Having learned how to generate a basic scatterplot using geom_point() in Section 5.1, we are now ready to introduce one of the most important ingredients in a geom, namely, the aesthetics. Aesthetics include distinct features that you can change that affect the appearances of a plot, including color, shape, and size.

There are in general three kinds of aesthetics:

  1. Constant-Valued Aesthetics: this type of aesthetics change the corresponding feature of a plot globally (for example, color = "red" will make everything red). This type of aesthetic specification appears as an argument of the geoms (for example geom_point()). This will be the focus of our current section.

  2. Local Aesthetic Mapping: this type of aesthetics (for example, color) will take possibly different values (different color values) for different data points depending on the mapped variables, only for the current geom. This type of aesthetic specification appears as an argument of the aes() function of the corresponding geom. We will cover this type of aesthetic in the next Section (Section 5.3).

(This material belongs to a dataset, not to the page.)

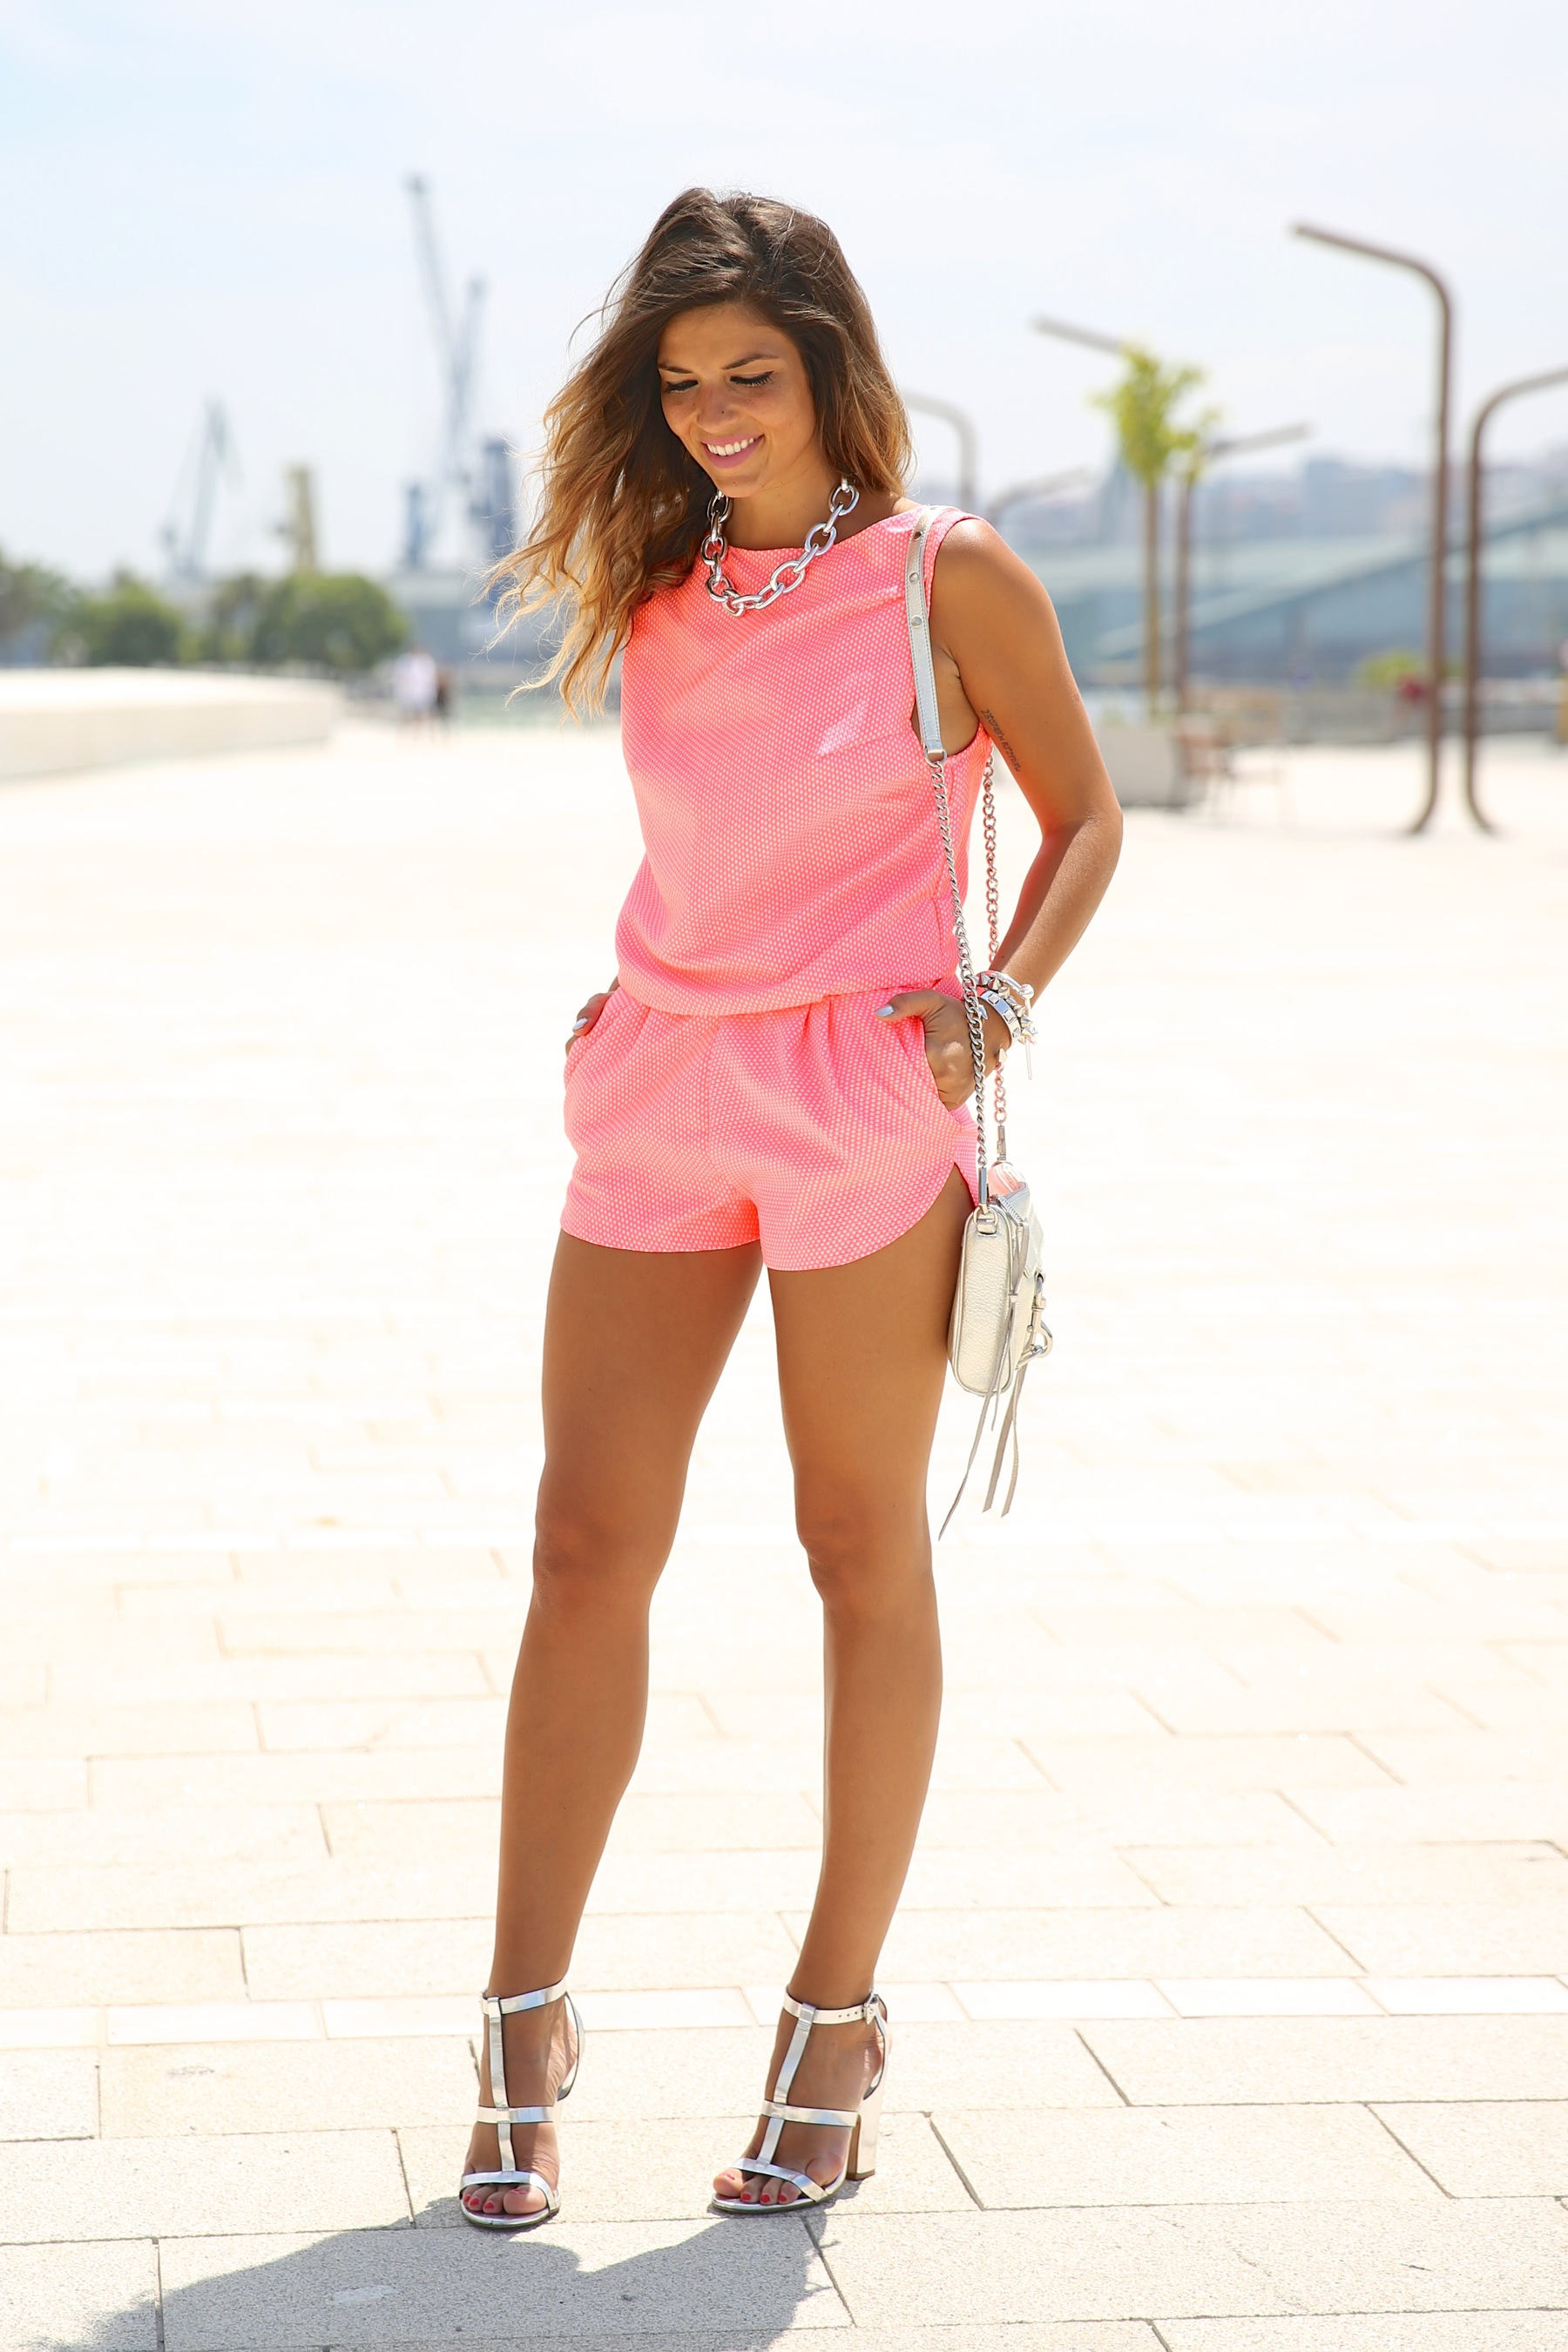 trendy_taste-look-outfit-street_style-ootd-blog-blogger-fashion_spain-moda_españa-silver_bag-bolso_plata-mono_rosa-mekdes-coruña-marina-10

  3. Global Aesthetic Mapping: this type of aesthetics will use possibly different values for different data points depending on the mapped variable, at the global level, which will be passed to all individual geoms. This type of aesthetic specification appears as an argument of the aes() function, which is an argument of the ggplot() function. We will cover this type of aesthetic in Section 5.7, where multiple geoms are used.

Note that although we will introduce aesthetics via the example of scatterplot, they are used for all kinds of plots which will be covered at a later time.

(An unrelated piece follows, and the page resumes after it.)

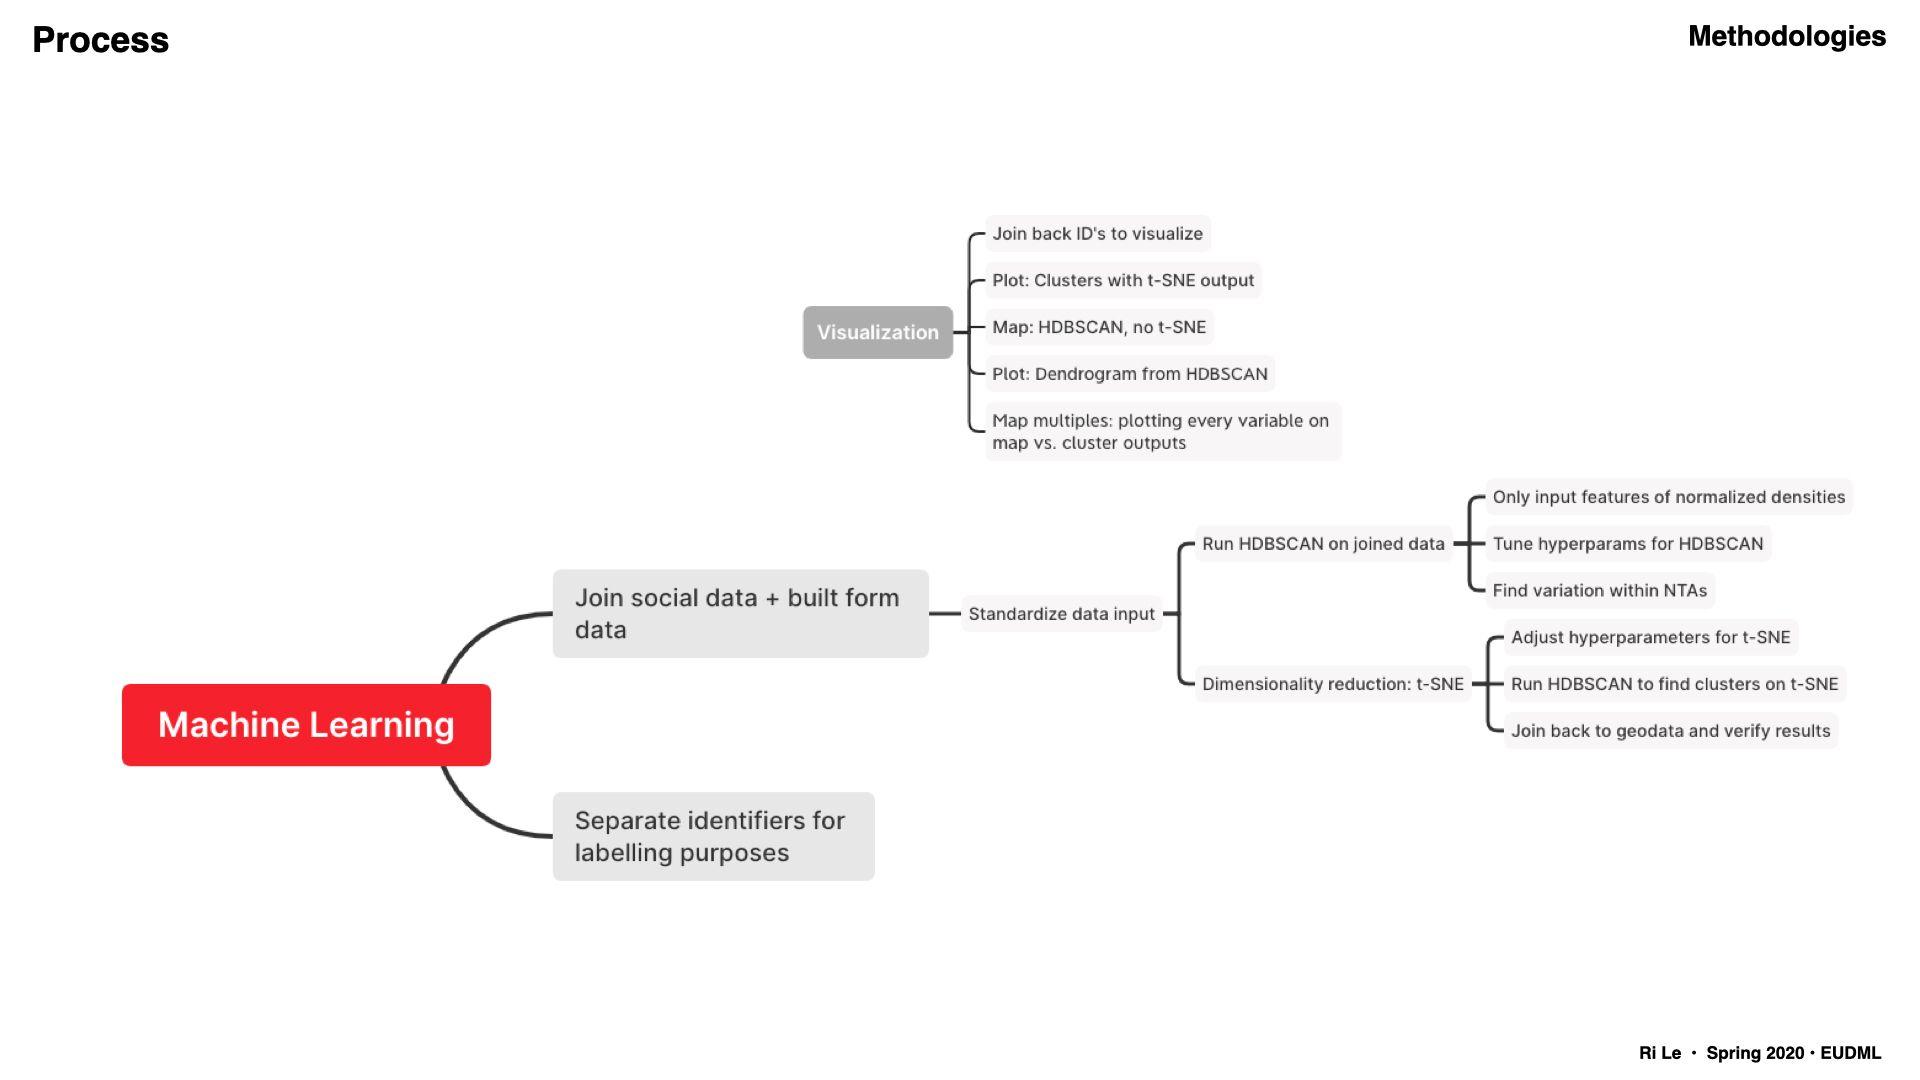 Methodology diagram

Let’s first review the code we used to generate the scatterplot between sugar and cholestrol in the gm2004 dataset.

library(ggplot2)
library(r02pro)
ggplot(data = gm2004) + 
  geom_point(mapping = aes(x = sugar, y = cholesterol))

Now, let’s see how to set Constant-Valued Aesthetic in geom_point().

a. Color

To change the color of all points, you can add a color argument in the geom_point() function. Note that it is placed outside of the aes() function, which is different from aesthetic mappings, to be covered in the next section.

ggplot(data = gm2004) + 
  geom_point(mapping = aes(x = sugar, y = cholesterol),
             color = "blue")

Clearly, all points are changed to blue.

b. Size

Similarly, you can set the size aesthetic in the geom_point() function to change the size of the all points.

ggplot(data = gm2004) + 
  geom_point(mapping = aes(x = sugar, y = cholesterol),
             size = 3)

Note that it is very common to set multiple constant valued aesthetic in a geom function.

ggplot(data = gm2004) + 
  geom_point(mapping = aes(x = sugar, y = cholesterol),
             color = "blue",
             size = 3)

You may notice that the points are now bigger than before. Looking at the plot, some points are overlapping with each other, which is sometimes called overplotting. To solve this issue, you can change the transparency level of the points by setting the alpha aesthetic.

c. Transparency

ggplot(data = gm2004) + 
  geom_point(mapping = aes(x = sugar, y = cholesterol),
             color = "blue",
             size = 3, 
             alpha = 0.5)

By setting alpha = 0.5, the points become more visible and the overplotting problem is largely alleviated.

d. Shape

Lastly, we can also change the shape of the points from the default 1 (circle) to other shapes by the shape argument in geom_point().

ggplot(data = gm2004) + 
  geom_point(mapping = aes(x = sugar, y = cholesterol),
             color = "blue",
             size = 3, 
             alpha = 0.5,
             shape = 2)

Now, we have all points blue, size of 3, of triangle shape, and of transparency level 0.5. Recall the collection of all shapes is available in Figure 5.1.

You are welcome to try different combinations of global aesthetics.

5.2.1 Exercises

  1. Using the sahp dataset, create a scatterplot with ggplot2 to visualize the relationship between lot_area (on the x-axis) and sale_price (on the y-axis) with all points of color purple and size 2.

  2. Using the gm2004 dataset, create a scatterplot with ggplot2 to visualize the relationship between BMI (on the x-axis) and cholesterol (on the y-axis) with all points of color pink, size 3, transparency 0.3, and shape of diamond.